I'm trying to convert my JavaScript functions to a dojo Class. I've a setTimeOut("functionName",2000)
in one of my JS method. How do I call this from a method in the class decared using dojo.declare method. For example, below is my custom class.
dojo.declare("Person",null,{
constructor:function(age,country,name,state){
this.age=age;
this.country=country;
this.name=name;
this.state=state;
},
moveToNewState:function(newState){
this.state=newState;
//I need to call "isStateChanged" method after 2000 ms. How do I do this?
setTimeOut("isStateChanged",2000);
},
isStateChanged:function(){
alert('state is updated');
}
});
var person=new Person(12,"US","Test","TestState");
person.moveToNewState("NewState");
Please let me know how I can call isStateChanged
method from moveToNewState
method after 2000ms.
What you're looking for is a way of binding the this
value to the function that setTimeout
will call:
moveToNewState:function(newState){
// Remember `this` in a variable within this function call
var context = this;
// Misc logic
this.state = newState;
// Set up the callback
setTimeout(function() {
// Call it
context.isStateChanged();
}, 2000);
},
The above is using a closure to bind the context (see: Closures are not complicated), which is the usual way to do this. Dojo may offer a built-in function for generating these "bound" callbacks (Prototype and jQuery do). (Edit: It does, in his comment below peller kindly pointed out dojo.hitch
.)
More about this general concept here: You must remember this
This has nothing to do with dojo, this is pure javascript. What you're looking for is:
var $this = this;
setTimeout(function() { $this.isStateChanged() }, 2000);
Check out the docs on setTimeout.
Oh, and, please don't use quotes around your function names (because that makes it a useless string that will probably get eval
ed and will give an error).
You could simply call setTimeout(this.isStateChanged, 2000)

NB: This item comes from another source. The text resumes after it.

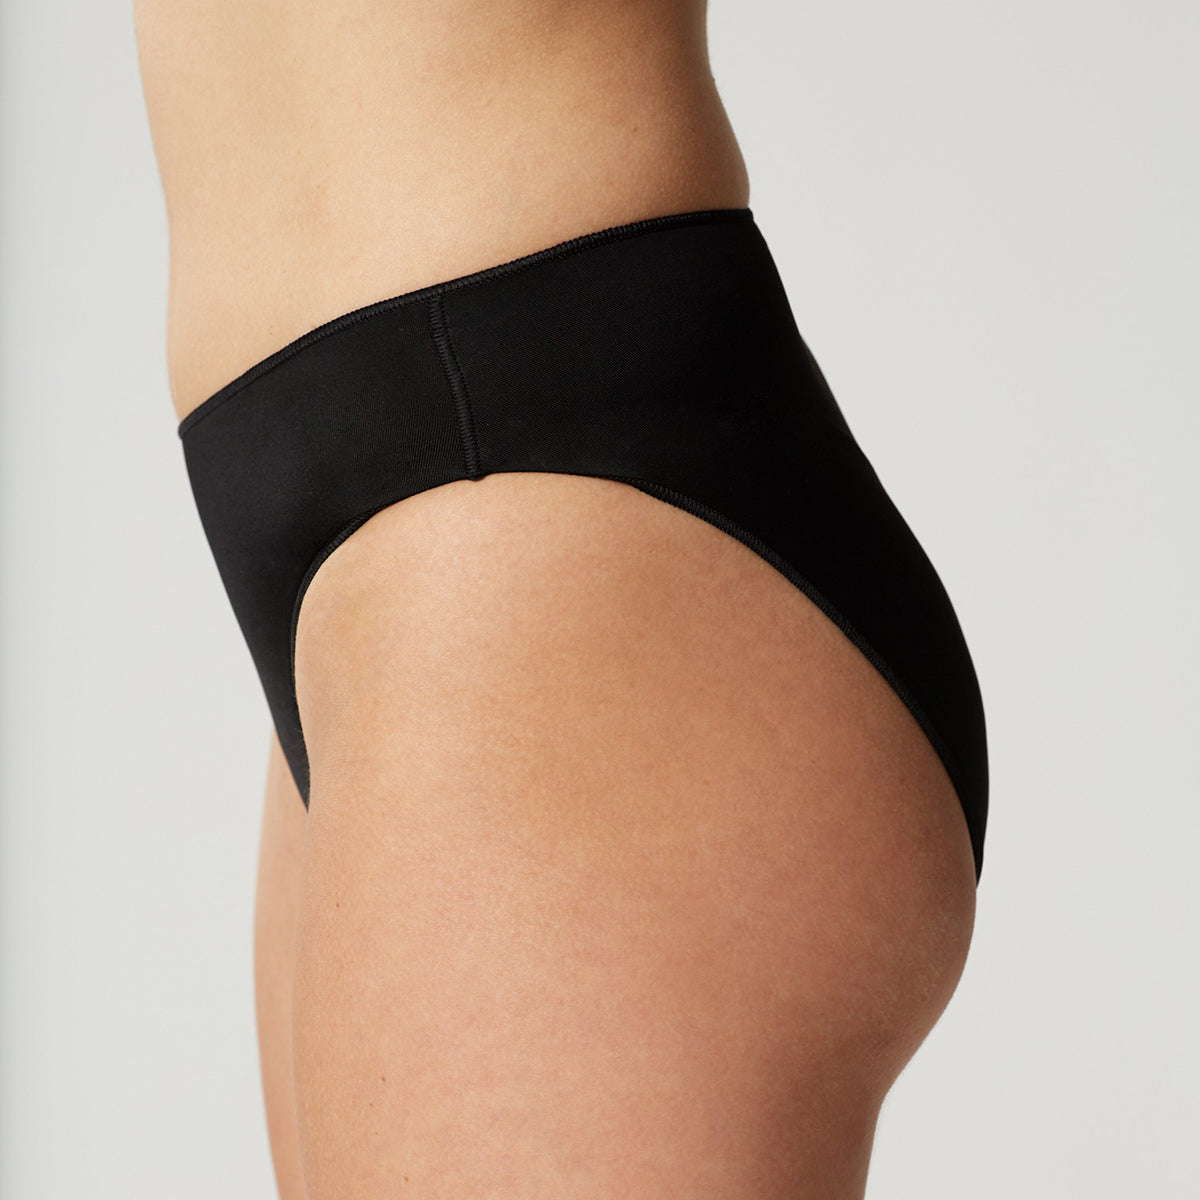 LBECLEY French Cut Underwear for Women Ladies Underwear Stretch
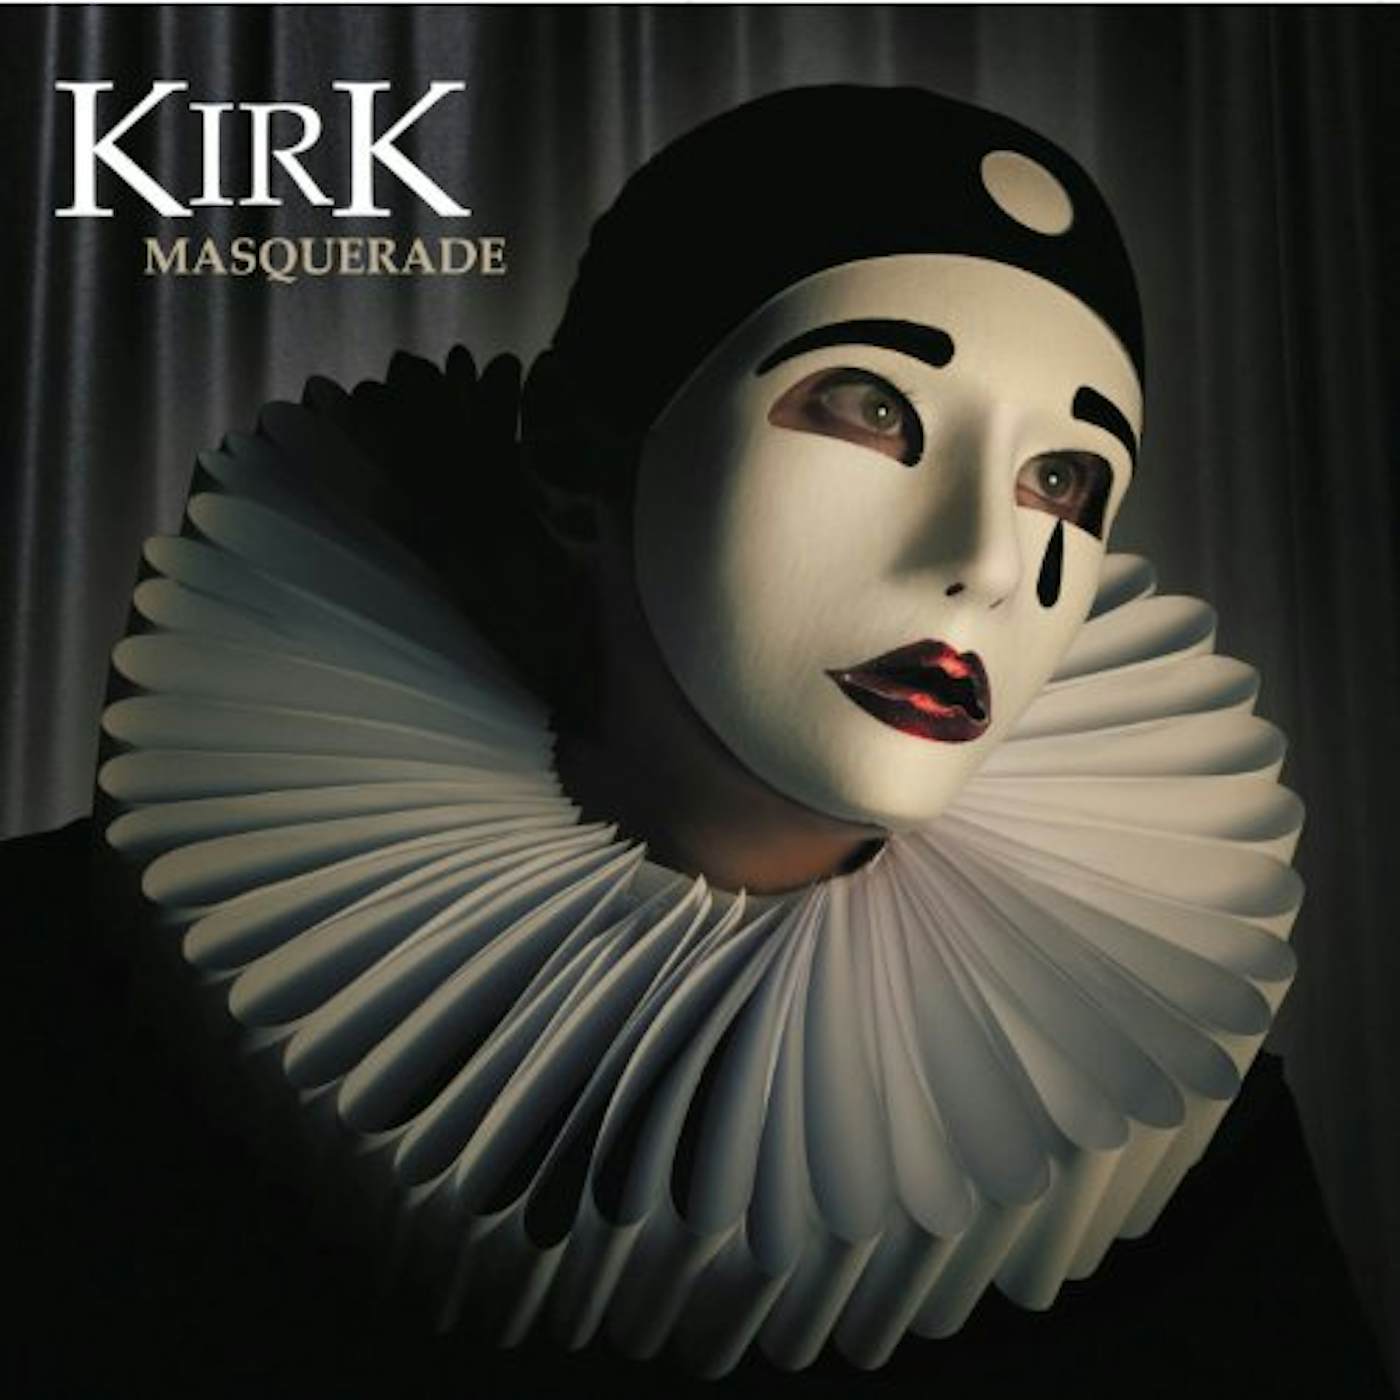 Kirk MASQUERADE CD

which will pass the correct function reference, not unlike the way you would call the method directly. The expression this.isStateChanged
is evaluated immediately. To make the call, there's no need to wrap it in an extra function or declare local variables.
To bind the this
variable to the called function, you can use dojo.hitch which will create its own closure without polluting the local variable space and potentially leaking through other references.